In this tutorial we will walk you through how to start creating your own chatbot for a web-browser. We are going to use a variety of Python libraries, including PyMuPDF, along with your ChatGPT API key, to create a graphical user interface (GUI) which will be able to answer a user’s inputted questions against an uploaded PDF document.

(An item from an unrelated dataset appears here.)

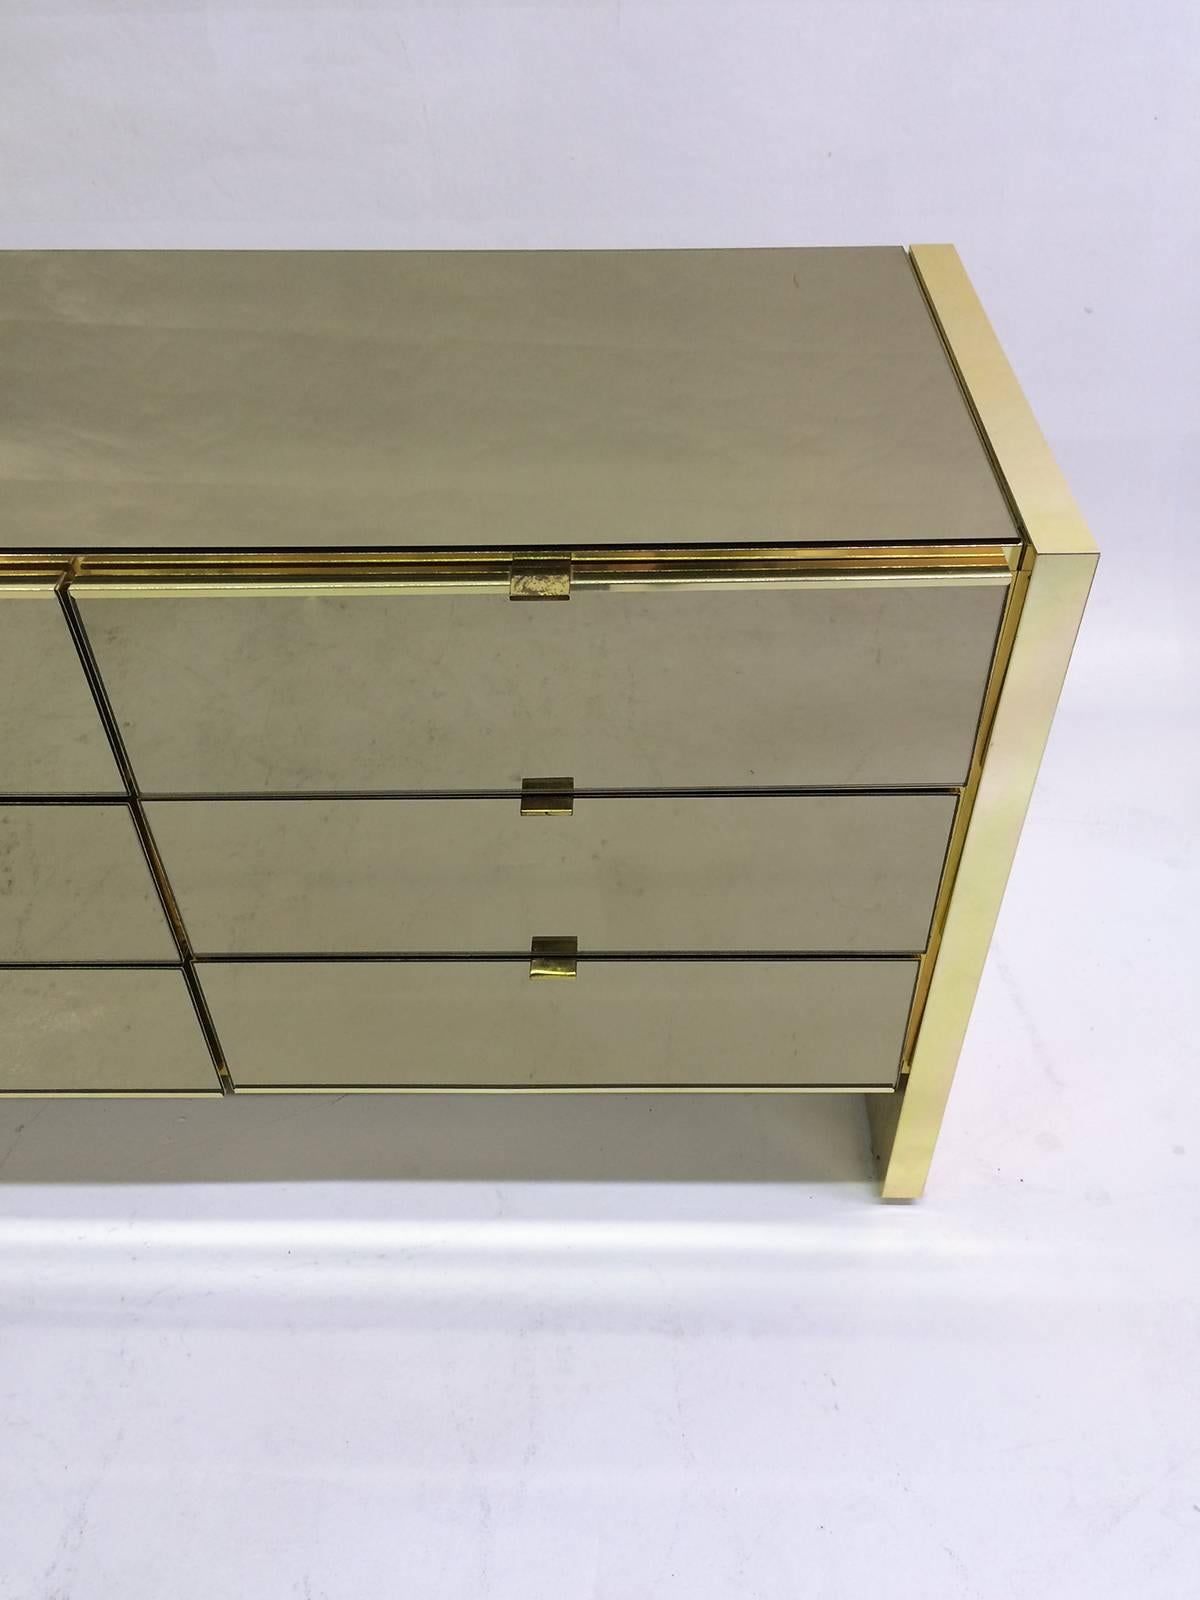 This is a nine drawer dresser made of smoked mirror and polished brass by Ello Furniture which was founded in 1955 in Chicago, IL.

We will demonstrate how to combine backend and frontend technology to deliver an effective solution for the web.
Getting Started
Our solution depends on 3 key libraries as follows:
- LangChain (a framework to construct LLM‑powered apps - used to manage the I/O for the chatbot)
- Gradio (used to create and serve a GUI for the chatbot in the web-browser)
- PyMuPDF (used to load and render the uploaded document for the chatbot)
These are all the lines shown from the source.